Einstein and the Changing World Views of Physics, 1905/2005


HGR7. Seventh International Conference on the History of General Relativity,
La Orotava, March 9-15, 2005

 

Relativity: the Roots

Jean Eisenstaedt

Observatoire de Paris

In 1786, Robert Blair, an unknown astronomer from Edinburgh, gave a systematic treatment of a -classical and relativistic- Newtonian kinematics of light.
Two years before, John Michell had developped a Newtonian theory of the action of gravitation on light, and invented what Laplace later called dark bodies. In the same way Soldner will calculate the deviation of light due to gravitation. Michell had also pointed out that the velocity of light could be measured with the help of refraction experiments and put forward the essence of the Einstein Doppler gravitational effect.
Blair went a step further and inferred the existence of the Doppler-Fizeau effect : a variation of refraction due to a relative motion of the source and the observer.

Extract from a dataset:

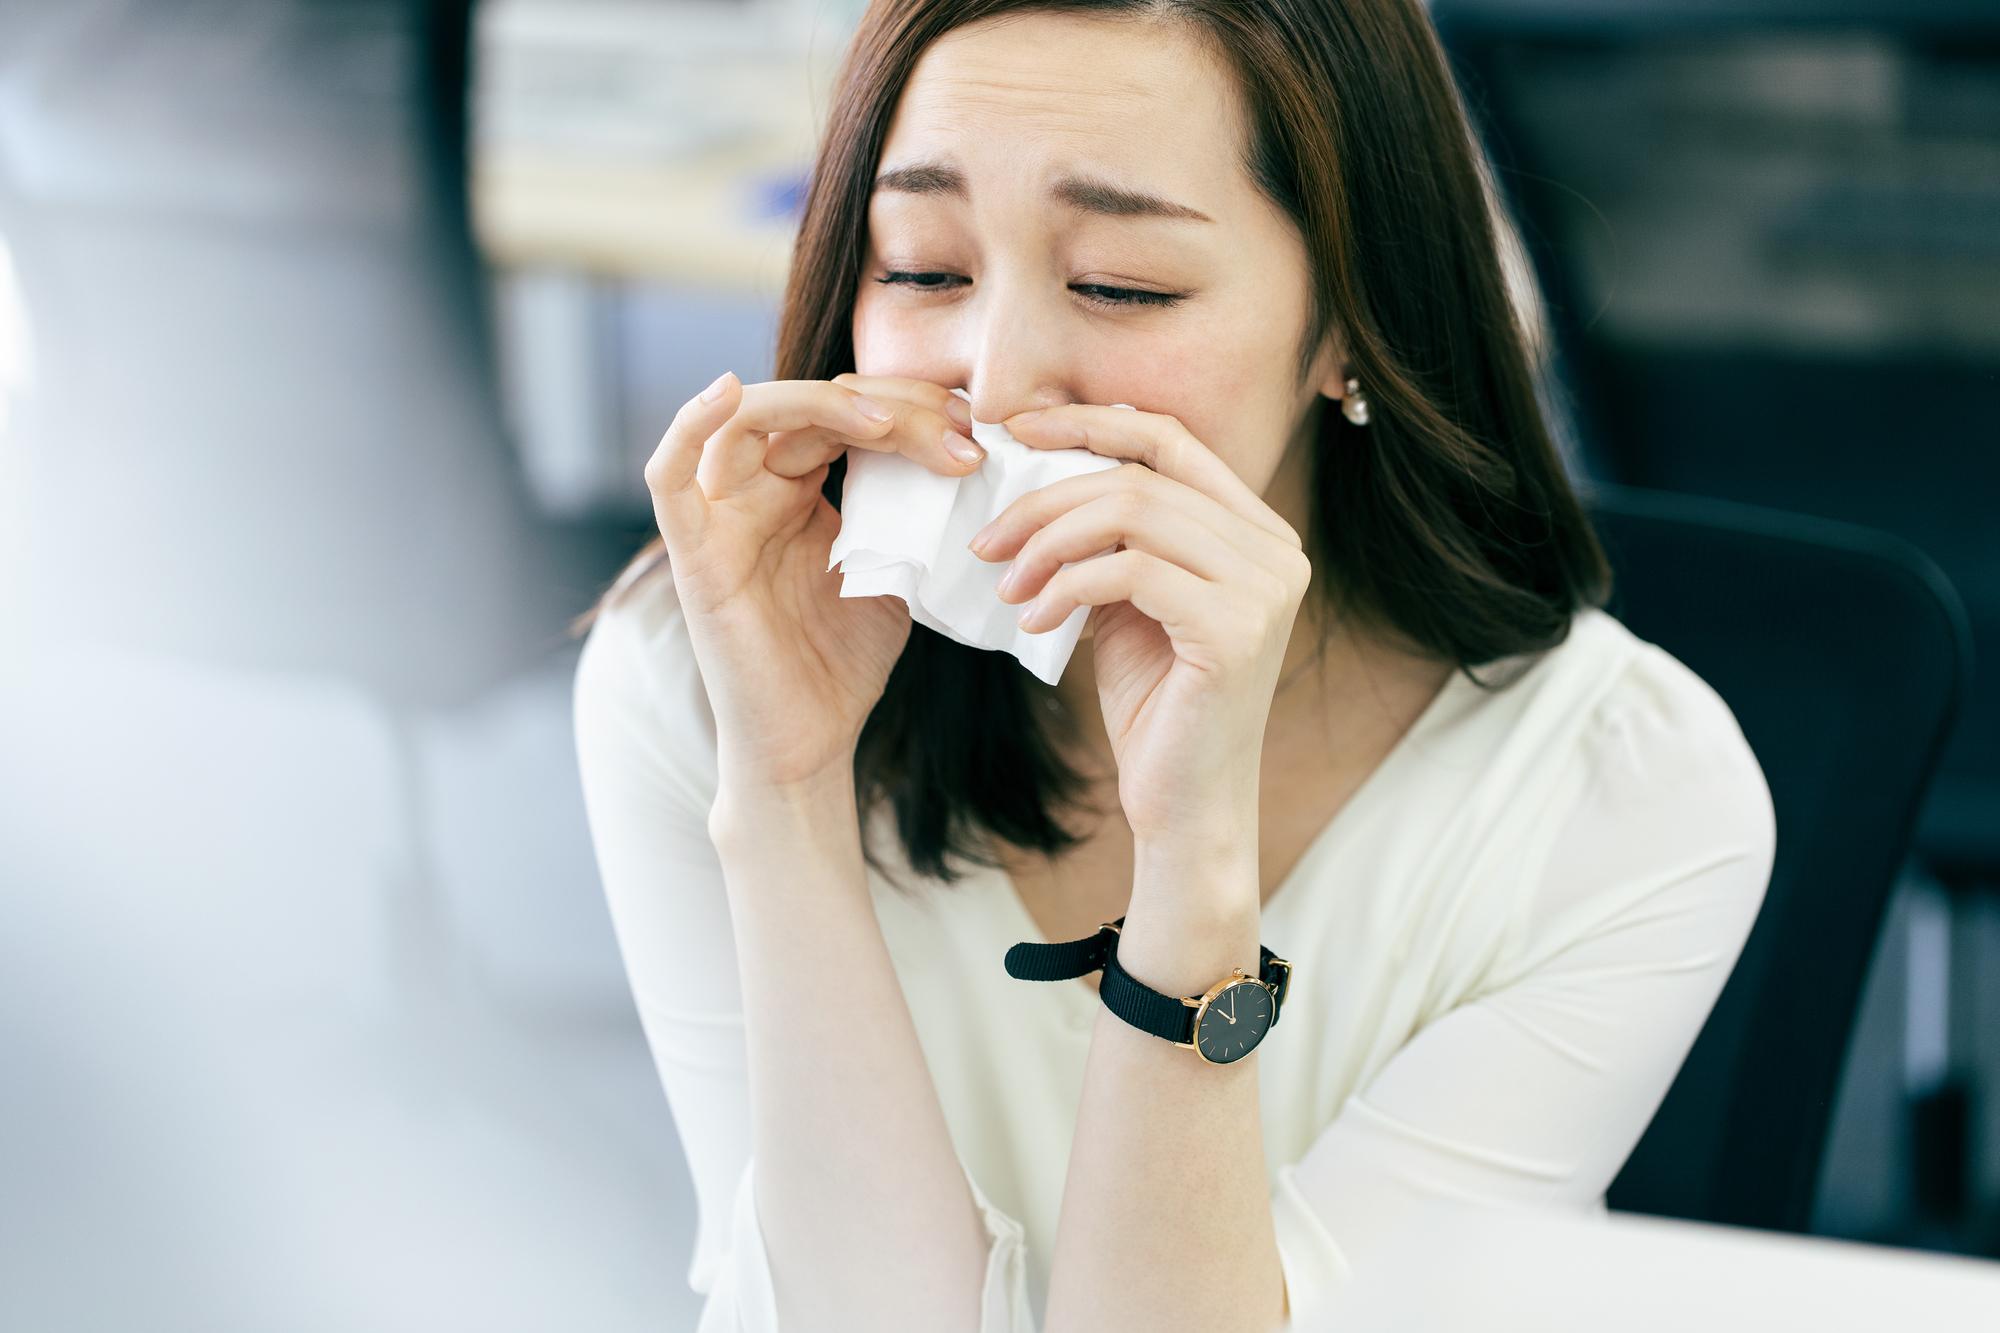 鼻 が ツーン と する 痛い 「よく鼻がツーンとする」痛い原因は?副鼻腔炎やヘルペスかも

He clearly understood that it was a way to determine the motion of the Earth, planets and stars. Blair's proposal is at the roots of Arago's well-known 1806-1810's experiments on the velocity of light.
In the context of the undulatory theory of light, he also proposed an experiment to determine the absolute velocity of the Earth, actually the basis of the famous experiment performed by Albert Michelson 100 years later.
In fact, this corpus contains the very questions of the relativistic optics of moving bodie, the roots of spectroscopy, and addresses the very problems that would be hotly debated in the 19th century, only to be solved by Einstein in 1905.